Susie M. Barstow (May 9, 1836 – June 12, 1923) was an American painter associated with the Hudson River School who was known for her luminous landscapes.

==Biography==
Susie M. Barstow was the daughter of old-time New York City tea merchant Samuel Barstow (1805-1884) and Mary Tyler Blossom (1813-1895), whose lineage traces back to one of the original passengers of the Mayflower. She was born on May 9, 1836. She studied at the Rutgers Female Institute in New York, the first college for women in New York City, graduating in 1853, and received additional artistic training in Europe. For a number of years she taught at the Brooklyn Institute of Arts and Sciences.

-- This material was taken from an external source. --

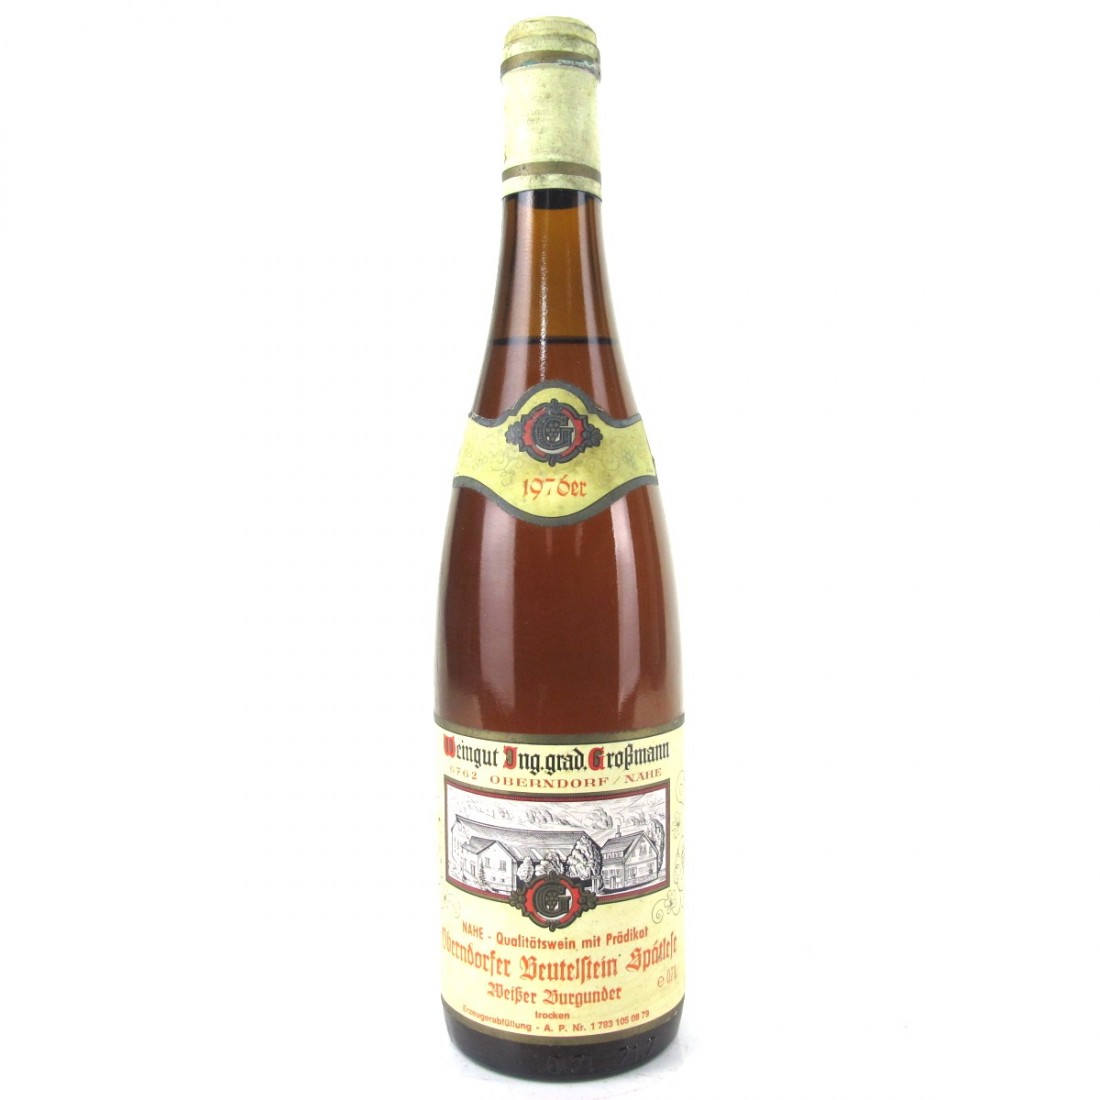 Großmann Pinot Blanc Spatlese 1976 Nahe

Barstow's mature landscapes exude serenity and are infused with light. During her career, she was often cited in exhibitions as "Miss SM Barstow," and signed her paintings "SM Barstow." She exhibited at the National Academy of Design from 1858, the Brooklyn Art Association, and the Pennsylvania Academy of the Fine Arts among other venues. Barstow's A Bit of Catskill Woods was in the collection of American art patron Thomas B. Clarke between 1872 and 1879. At the time, women artists did not have the same opportunities to exhibit their work as male artists did, so her work remained relatively little known until art historians began to reassess women artists of the Hudson River School.

Her work was included in the 2010 survey exhibition "Remember the Ladies: Women of the Hudson River School" at the Thomas Cole National Historic Site in Catskill, New York and the 2019 exhibition "The Color of the Moon: Lunar Painting in American Art" at the Hudson River Museum in Yonkers, New York, where Barstow was a featured artist alongside works by Thomas Cole, Albert Bierstadt, and George Inness among others. In 2023, the Thomas Cole National Historic Site's exhibition Women Reframe American Landscape: Susie Barstow & Her Circle/ Contemporary Practices offered the first retrospective on Barstow's work, placing it in dialogue with contemporary artists who challenge concepts of landscape. Complementing the exhibit, art historian Nancy Siegel published the biography Susie M. Barstow: Redefining the Hudson River School (2023), which drew on archival sources including letters, diaries and sketchbooks held by her family.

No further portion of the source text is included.